Accordingly, we started with selection protocols for these two steroids, DOG [1] and DIS [2], as described before, but with three modifications: (1) We increased the complexity and size of the available binding pockets by using oligonucleotide libraries with larger (N₂₂) randomized regions and one constant stem (Supplementary Fig. 1B). With these libraries, we have reasonable coverage of DNA-based receptor-space in individual selections. By fixing two stems, we biased selections towards the junctions, while simultaneously leaving sufficiently long random regions to allow alternative folds, if favored by evolutionary pressures. (2) We introduced stringent counter-selections with non-targets at high-concentrations in every cycle of selection to minimize receptors recognizing both steroids (e.g., TWJs). Nevertheless, due to the stochastic nature of binding, the abundance of junction motifs, and existence of slowly equilibrating alternative conformations that may kinetically protect TWJs from initial counter-selections, it may not be impossible to eliminate cross-reactivity completely. (3) We introduced gradual decreases in target concentrations as selections progressed. Because more complex binding pockets capture larger hydrophobic areas, we expected hydrophobic targets to be more tightly bound and thus, aptamers with higher affinities would be selected. These three rational modifications of the selection protocols recapitulate best practices of past solid-state selections now applied to solution-phase selections.

From the selection with DOG [1] as a target, we isolated an aptamer DOGS.2 (Figure 2A) (cf., related DOGS.3 and DOGS.4, Supplementary Fig. 2) with a calculated dissociation constant of ~30 nM (Figure 2, Supplementary Fig. 3), which is approximately two orders of magnitude below previous aptamers targeting this steroid. Programs for secondary structure prediction (e.g., Mfold²³) suggest a four-way junction, consistent with an increase in hydrophobic interactions leading to higher affinity; these programs are not sufficiently reliable for us to exclude a three-way junction with longer spacers that optimize orientations of the stems. The observed selectivity of this aptamer for DOG [1] over DIS [2] (its counter-target) was excellent, with minimal response to 2 observed (Figure 2D).

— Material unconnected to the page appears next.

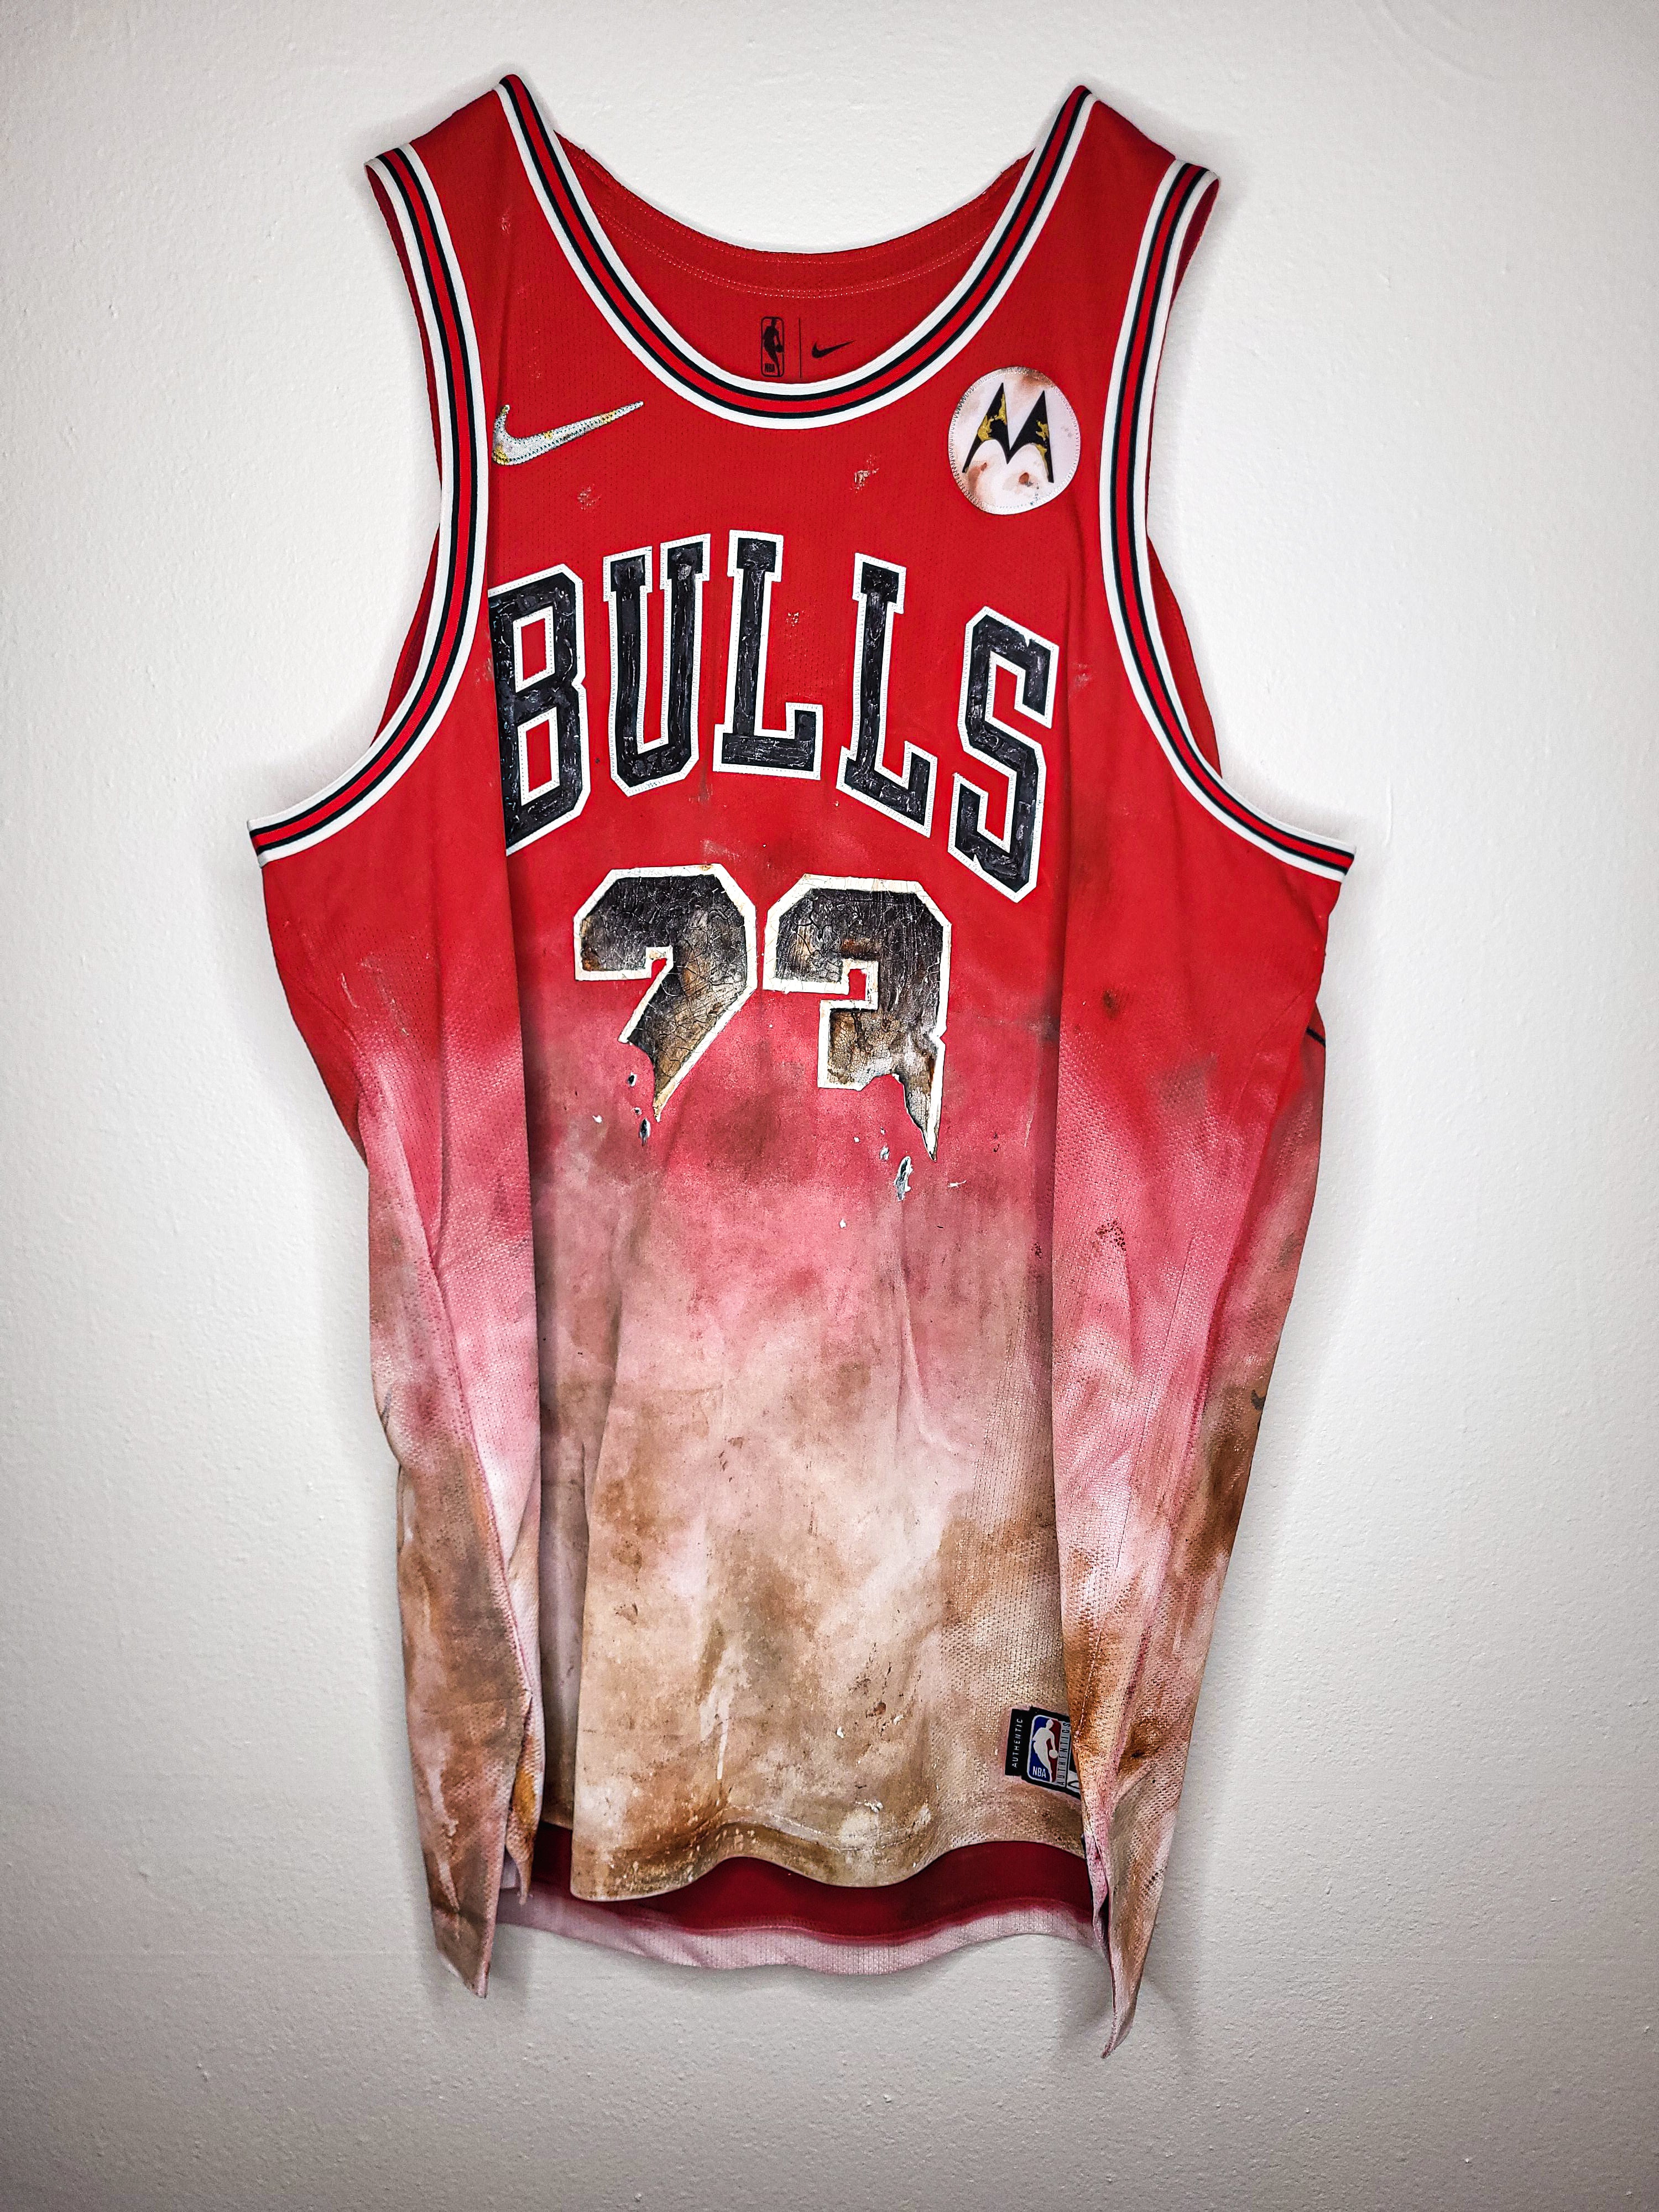 "Hall of Bulls" Jersey by Chuck Styles

Inline graphic — Aptameric sensors isolated from more complex libraries under stringent selection conditions using deoxycorticosterone-21-glucoside (DOG [1]) and dehydroisoandrosterone 3-sulfate (DIS [2]) as targets: (**A-B**) Predicted secondary structures (Mfold²³; http://mfold.rna.albany.edu/) of sensors selected to respond to DOG (A) or DIS (B). **(C)** Proposed shapes of binding pockets based on their cross-reactivities with other steroids and selection conditions. Lines represent presumed hydrophobic walls; functionalities where substitutions cause dramatic decreases in affinities are marked red. (D) Fluorescence vs. target concentration curves for DOGS.2 (dashed lines) and DISS.2 (solid lines) with DOG vs. DIS as targets. **(E-F)** Fluorescence vs. target concentration curves to include additional nontarget steroids for DOGS.2 **(E)** and DISS.2 (F). Legend for dose-response curves: DOG [1] (), DIS [2] () DC [3] (), PRP [4] (), TES [5] (), DIA [6] (), 11-DC [9] (), CCS [10] (),CS [11] (), and ALD [12] ().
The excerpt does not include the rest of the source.